昼を食べ終え事務所に戻った。
スーツから作業用の軽装に着替えデスクワークを始めるが、この日は勝手が違った。
仕事から仕事へと移る際、段差を感じる。
いちいち間が空いて、よっこらしょと自らを駆り立てねば次へと進めない。
停滞の原因は一つしかない。
スムーズに事が運ばないときには決まって、肩が凝ってガチガチになっている。
カラダが頑丈なのか鈍感だからか、ひどい凝りにも徐々に適応し慣れてしまうので、ことが極まるまで気づけない。
こんなときは気合いを入れても足しにならない。
肩の凝りという原因を解消してはじめて事態が改善に向かう。
だから迷わず中座してマッサージ屋へと赴いた。
たまに家内も施術を受ける行きつけの店である。
もみほぐしてもらうこと75分。
ふんわりとろけ、肩が軽くなって呼吸も楽になった。
意気揚々と事務所に戻って仕事を再開。
頭に血と気が勢いよく巡り、だから段差など消え去って仕事が滞りなく進み始めた。
そして、得られた恩恵はそれだけではなかった。
カラダがポカポカし、なんだかとても幸福だ。
疲れがあると視界がかげるが、一掃されれば、一点の曇りもなくただただすこぶる気分がいい。
生きて在るだけで幸せ。
そうしみじみ実感できる。
身体が丈夫なはずなのに、もし万一、根暗な思考に囚われているといたら、単に肩が凝っているだけの話かもしれない。

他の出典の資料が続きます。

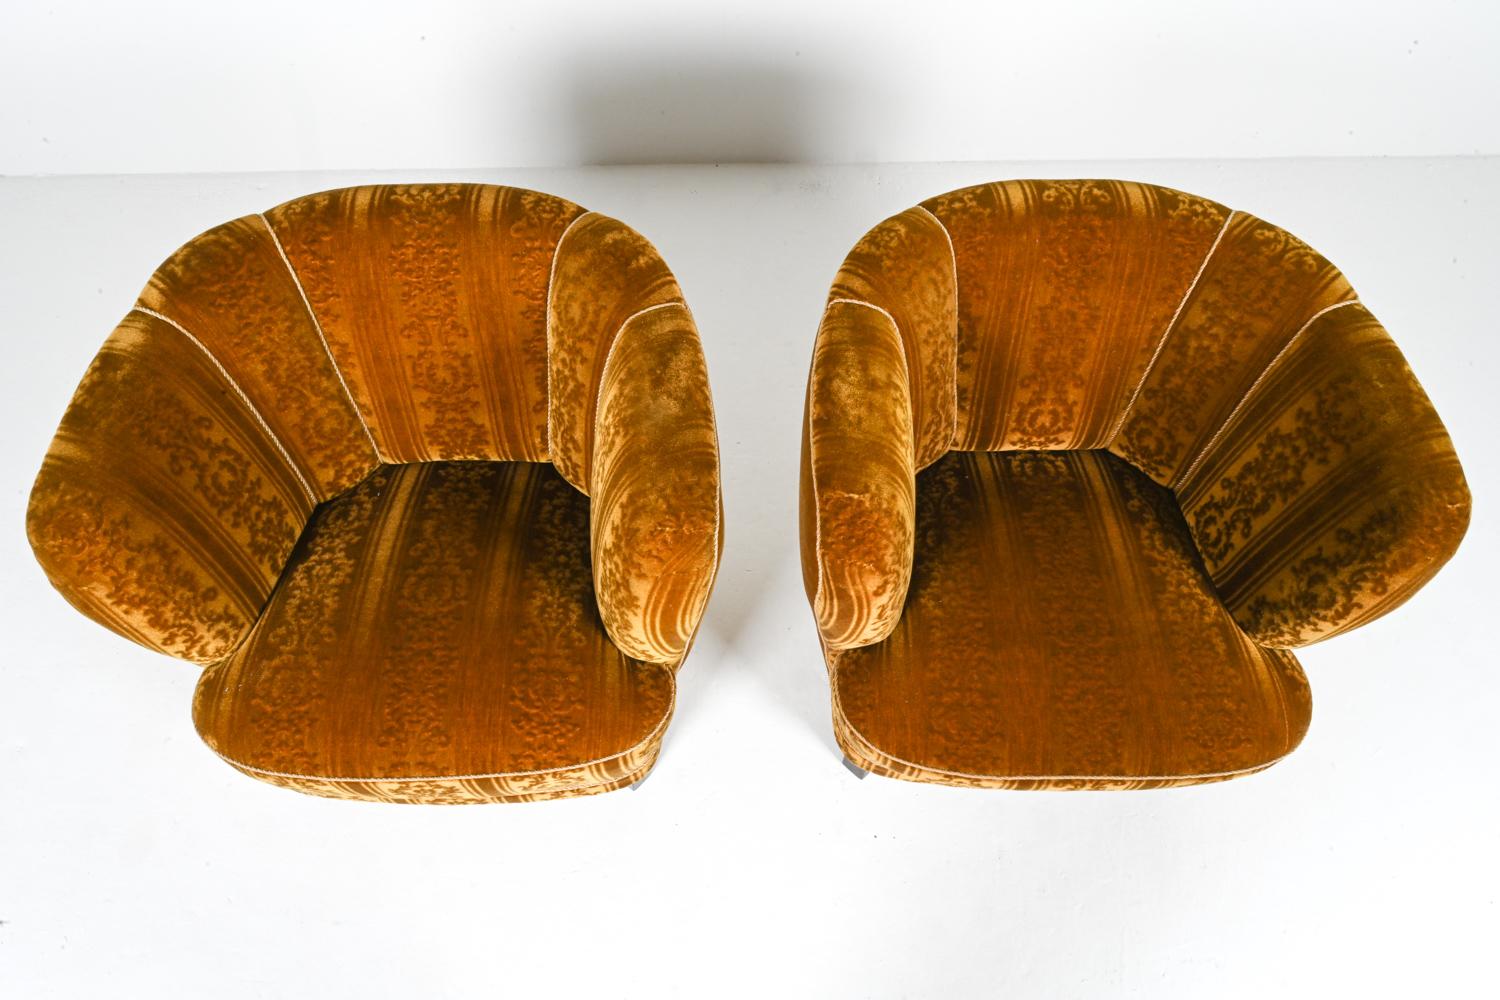 Scandinavian Modern Pair of Manner of Viggo Boesen Lounge Chairs by Slagelse, c. 1940's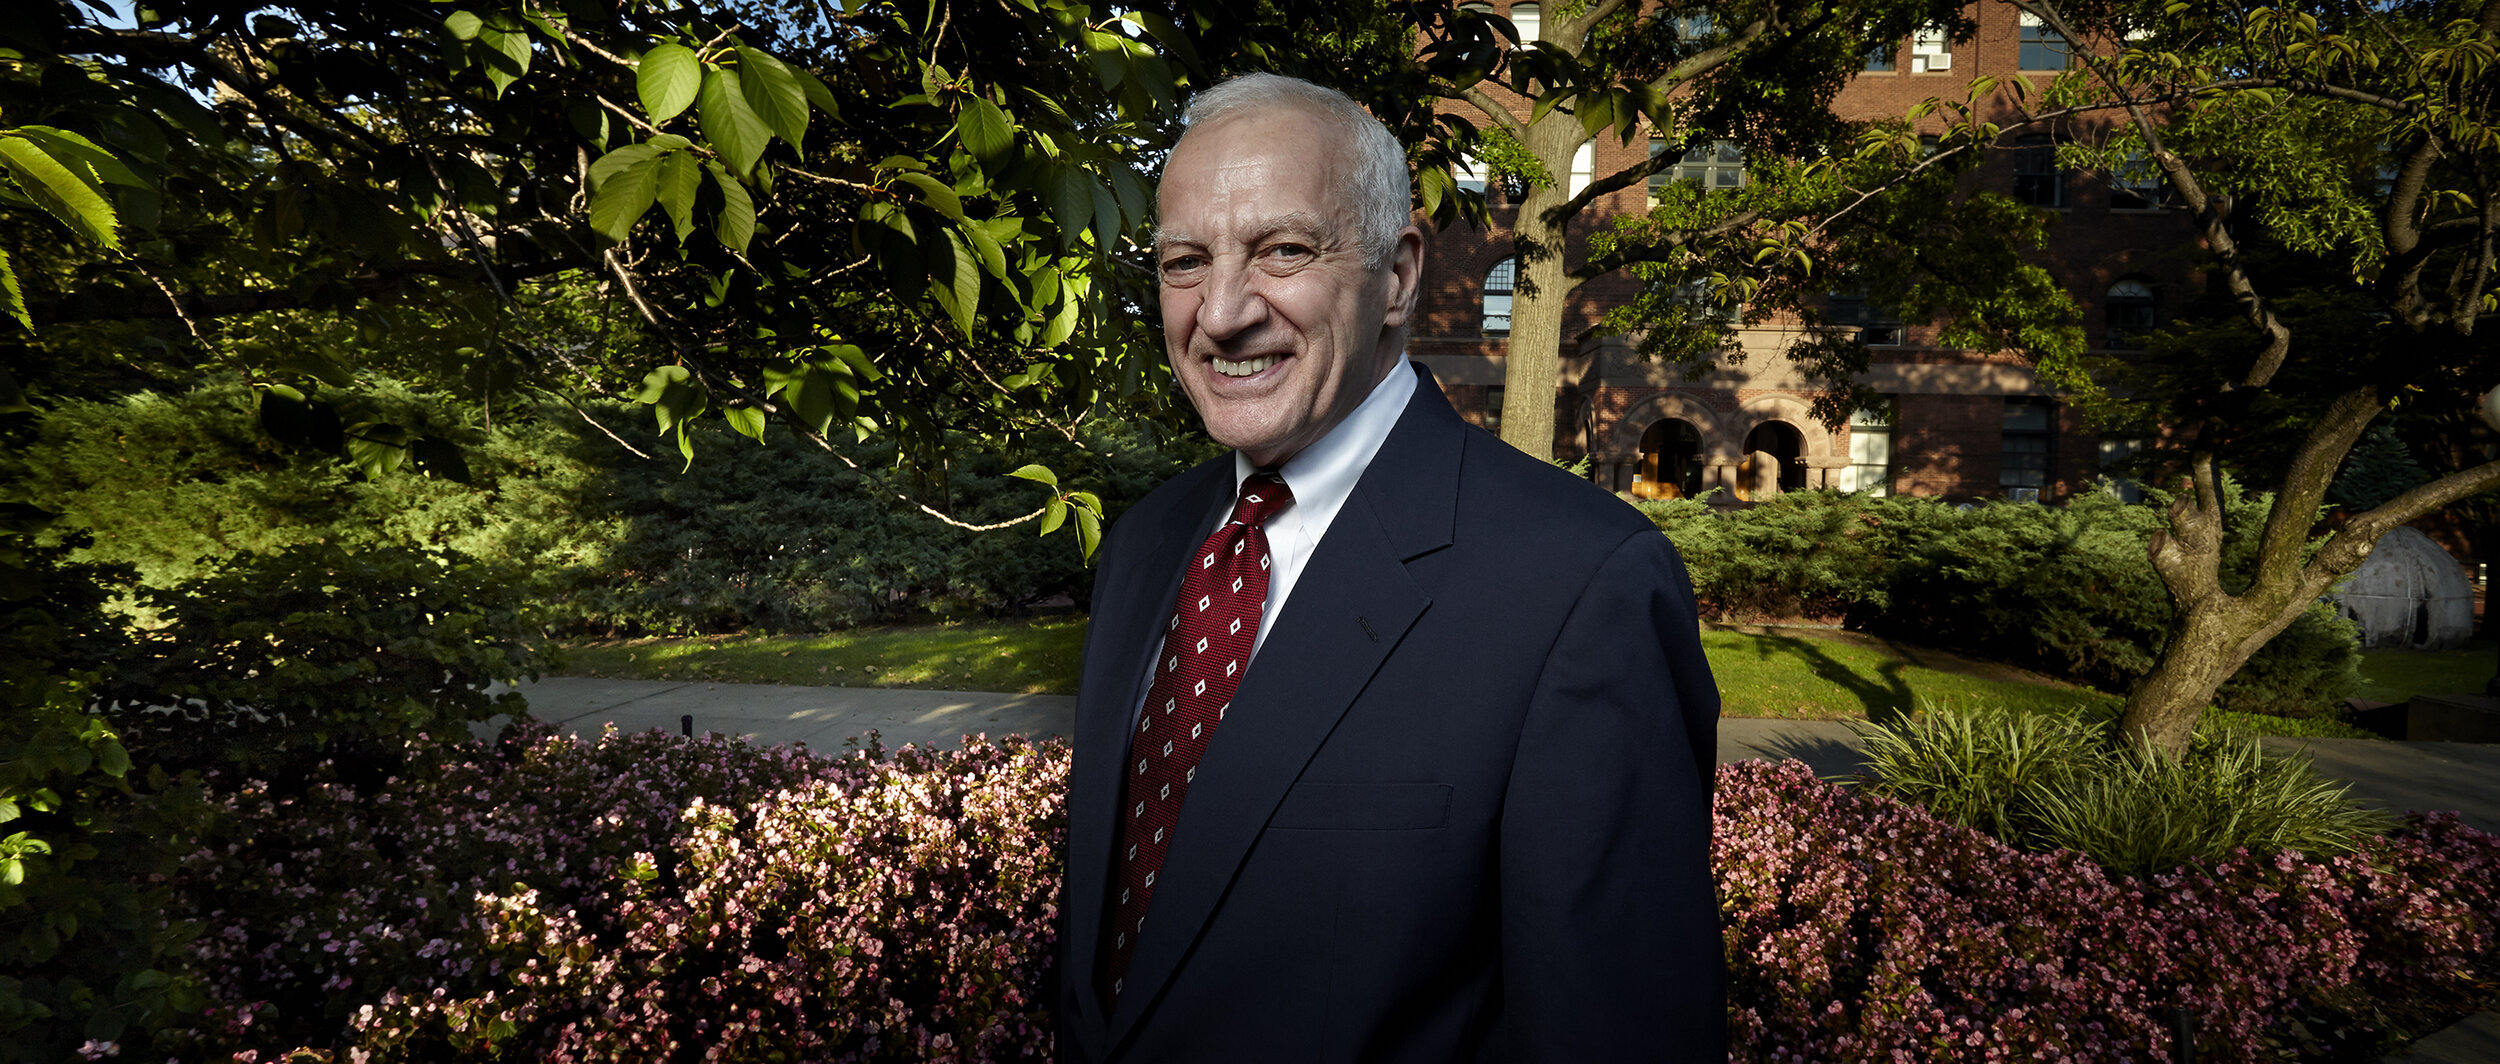 Dr. Thomas F. Schutte | President of The Pratt Institute | Clinton Hill

そんなときは、一も二もなく腕のいいセラピストに揉んでもらうべきだろう。
揉んでもらって気持ちよく、それで世界が違って見える。
試さない手はないはずだ。
今夜の飲み会にもこれで体調万全にて参加することができる。
カウンターにずらりと並ぶのは男ばかり。
幸せに幸せが掛け合わさって、美味珍味が降り注ぐ。
すばらしくも武骨な酒盛りがまもなく芦屋にて開宴となる。